To do
With every picture left out, give the data below back exactly.

Dataset extract
· · · · ·
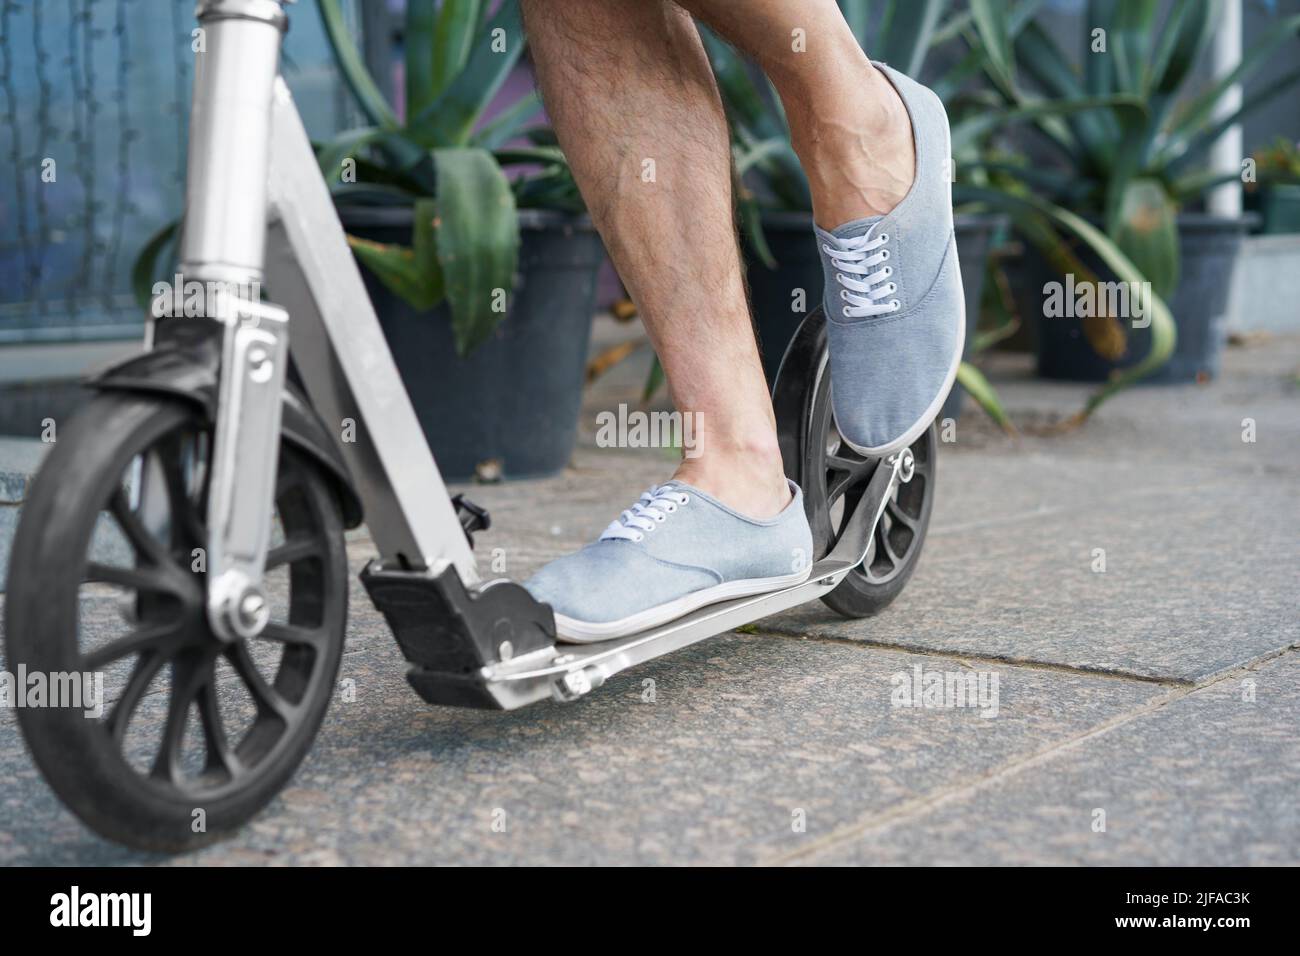 Männliche Füße in einem Turnschuh stehen auf einem Erwachsenen-Roller mit großen Rädern und fahren auf der Straße oder parken nach der Arbeit im Freien mit Agavenpflanzen im Hintergrund. Kein Gesicht sichtbar. Konzentrieren Sie sich auf das linke Bein. Stockfoto
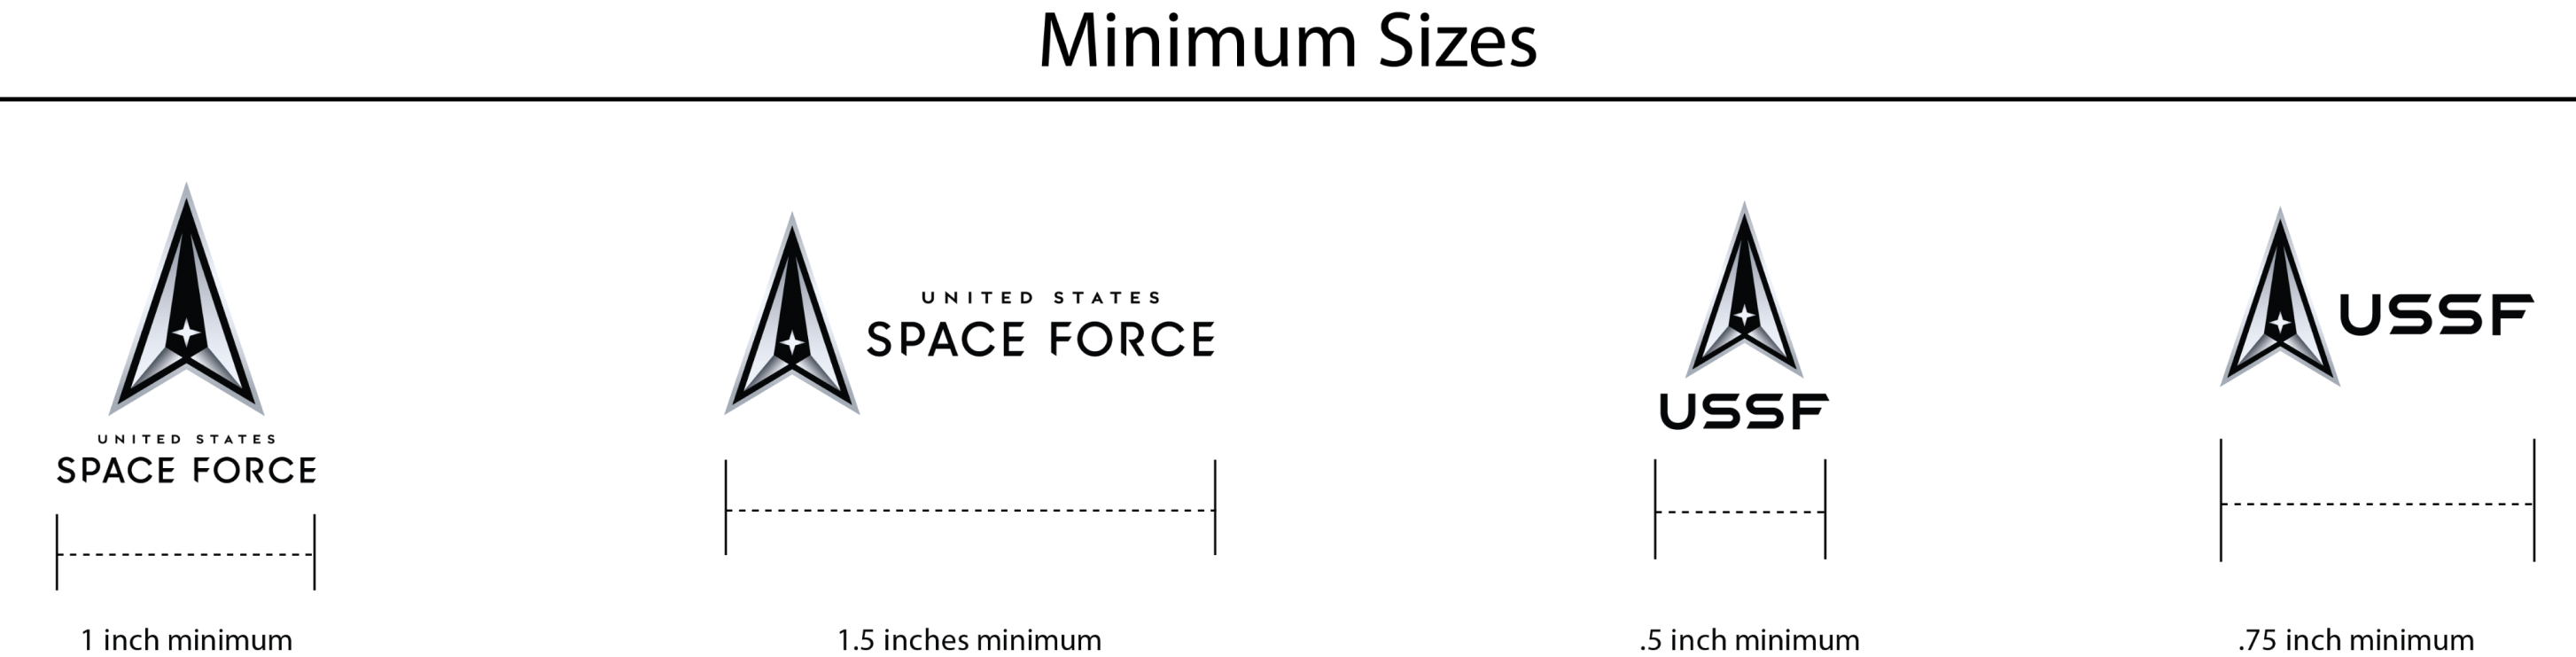 Image demonstrating Minimum Sizes
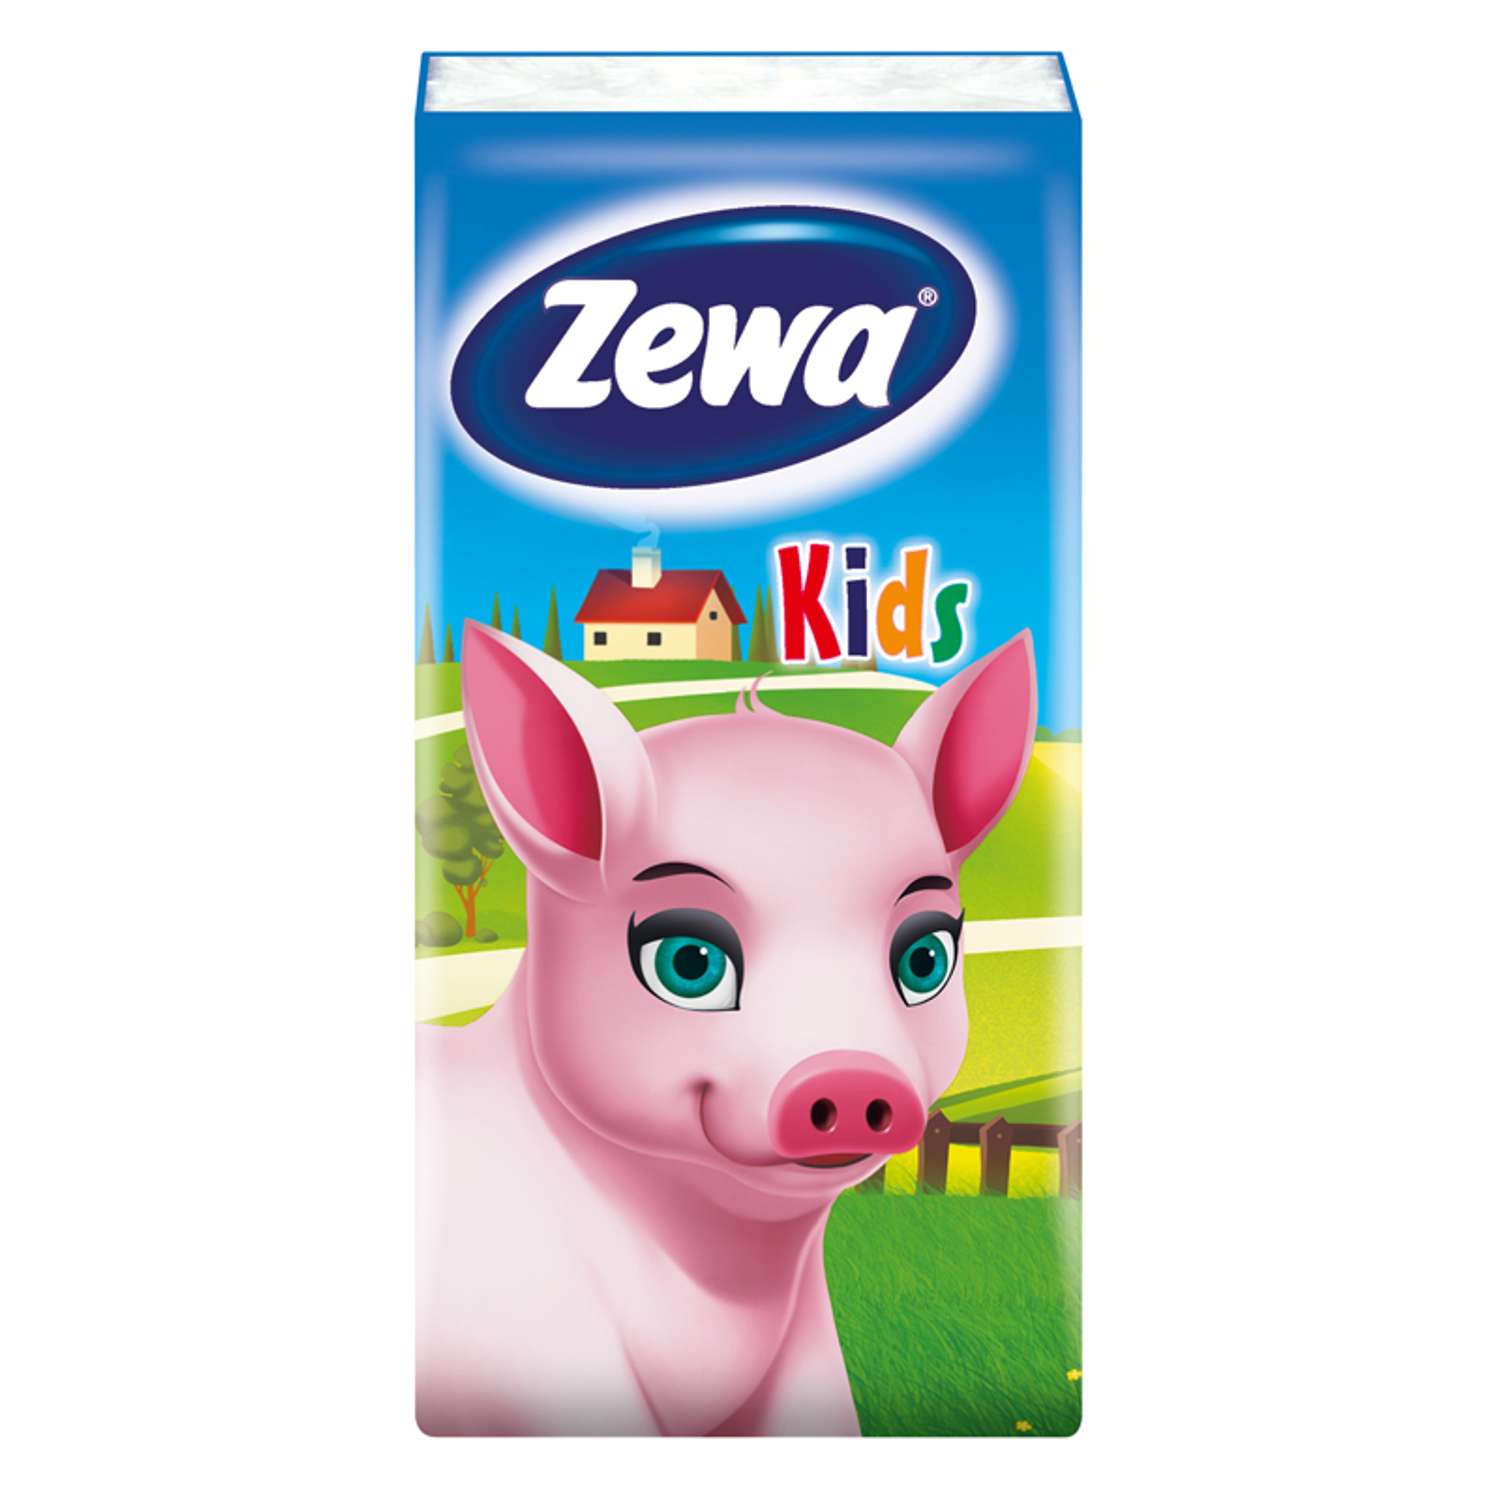 Платки носовые Zewa Kids 3 слоя 10шт в ассортименте 51122 - фото 4
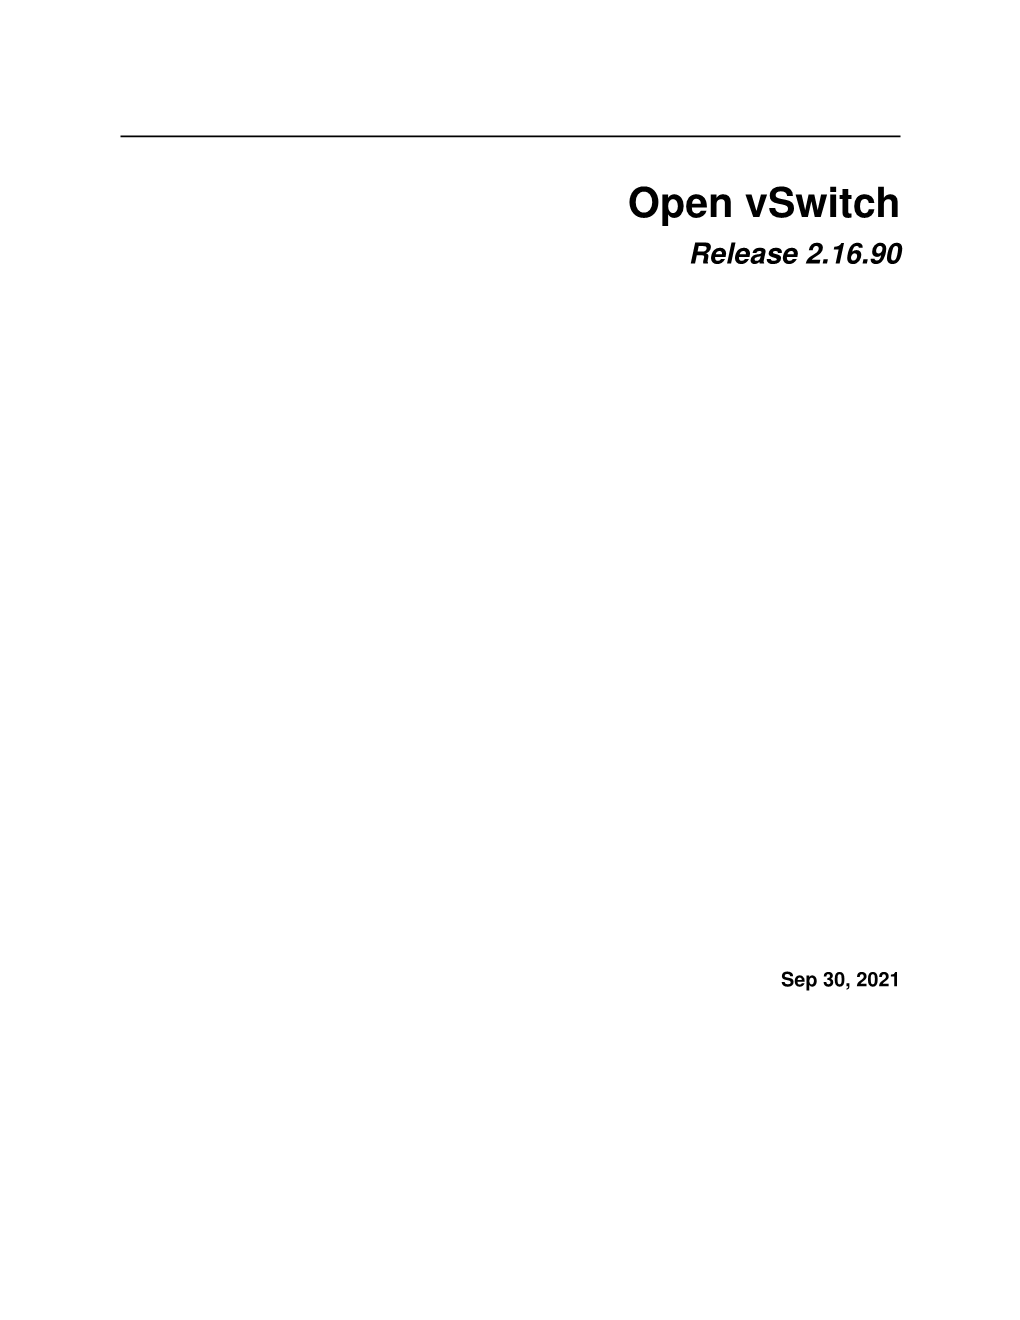 Open Vswitch Release 2.16.90
· · · · ·
Response to this task
 Männliche Füße in einem Turnschuh stehen auf einem Erwachsenen-Roller mit großen Rädern und fahren auf der Straße oder parken nach der Arbeit im Freien mit Agavenpflanzen im Hintergrund. Kein Gesicht sichtbar. Konzentrieren Sie sich auf das linke Bein. Stockfoto
 Image demonstrating Minimum Sizes
 Платки носовые Zewa Kids 3 слоя 10шт в ассортименте 51122 - фото 4
 Open Vswitch Release 2.16.90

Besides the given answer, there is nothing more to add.